4. Create Main Workflow

Create the main workflow that calls the sub-workflow in sysinfo/main-collect-sysinfo.yaml.

cat > sysinfo/main-collect-sysinfo.yaml << 'EOF'
name: main-collect-sysinfo

description: |
Main workflow to collect system information from all compute nodes in parallel.
Executes collect-sysinfo.yaml on each node.

steps:
- states: ["0", "end"]
note: Execute collect-sysinfo.yaml in parallel on all nodes
actions:
- actor: nodeGroup
method: apply
arguments:
actor: "node-*"
method: runWorkflow
arguments: ["collect-sysinfo.yaml"]
EOF

5. Execute Workflow

./actor_iac.java run -w sysinfo/main-collect-sysinfo.yaml -i inventory.ini -g compute
OptionDescription
-w sysinfo/main-collect-sysinfo.yamlWorkflow file to execute
-i inventory.iniInventory file
-g computeTarget group

actor-IaC executes sub-workflows in parallel on 6 nodes. Output from each node is prefixed with [node-node13] etc. All logs are automatically saved to actor-iac-logs.mv.db.

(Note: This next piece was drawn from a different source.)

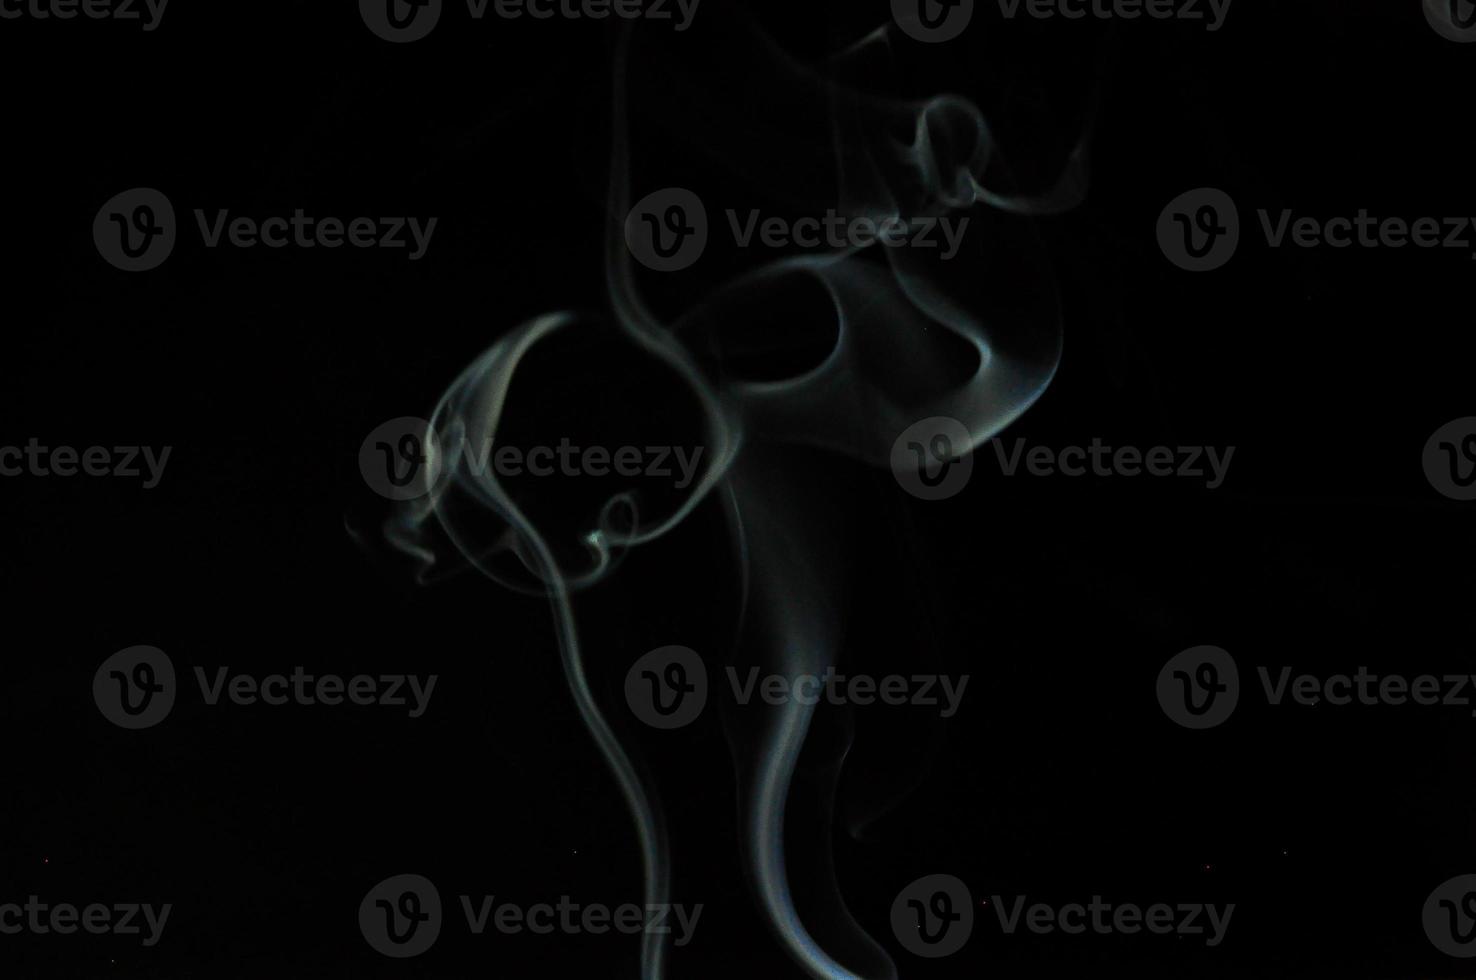 witte rook op een zwarte achtergrond foto

If SSH authentication errors occur, refer to the troubleshooting section in SSH requirements.

6. Directory Structure

Directory structure after completion:

~/works/testcluster-iac/
├── actor_iac.java
├── actor-iac-logs.mv.db ← Automatically created after execution
├── inventory.ini
└── sysinfo/
├── collect-sysinfo.yaml
└── main-collect-sysinfo.yaml

7. Verify Workflow Contents (Optional)

You can verify workflow contents with the describe command.

Workflow list:

./actor_iac.java list -w sysinfo

Workflow details:

./actor_iac.java describe -w sysinfo/collect-sysinfo.yaml --steps

If you write description: and note: in the workflow, you can verify them with the describe command.

Under the hood

Actor Tree Generation

When executing a workflow, actor-IaC reads the inventory file and generates an actor tree. actor-IaC generates a node actor corresponding to each node definition in the inventory file and places it as a child actor of the nodeGroup actor. In the above example, 6 node actors are generated for 6 nodes (node13 to node23).

ROOT actor
└── nodeGroup actor ("nodeGroup")
├── node-node13 actor
├── node-node14 actor
├── node-node15 actor
├── node-node21 actor
├── node-node22 actor
└── node-node23 actor

The purpose of actor-IaC is to execute the same configuration tasks in parallel on multiple servers. To achieve parallel execution, actor-IaC places multiple node actors as child actors under the nodeGroup actor.

ActorRole
nodeGroup actorExecutes the main workflow. Controls which sub-workflows to execute on which nodes
node actorExecutes sub-workflows. Defines the specific commands to execute on each node

Parallel Execution of Sub-Workflows

When the main workflow main-collect-sysinfo.yaml calls the nodeGroup.apply() method, the nodeGroup actor executes the sub-workflow collect-sysinfo.yaml in parallel on all child actors matching the specified pattern (node-*). Each node actor executes commands on the remote node through SSH connection and returns the results.

For log output aggregation and persistence, refer to the tutorial on utilizing results.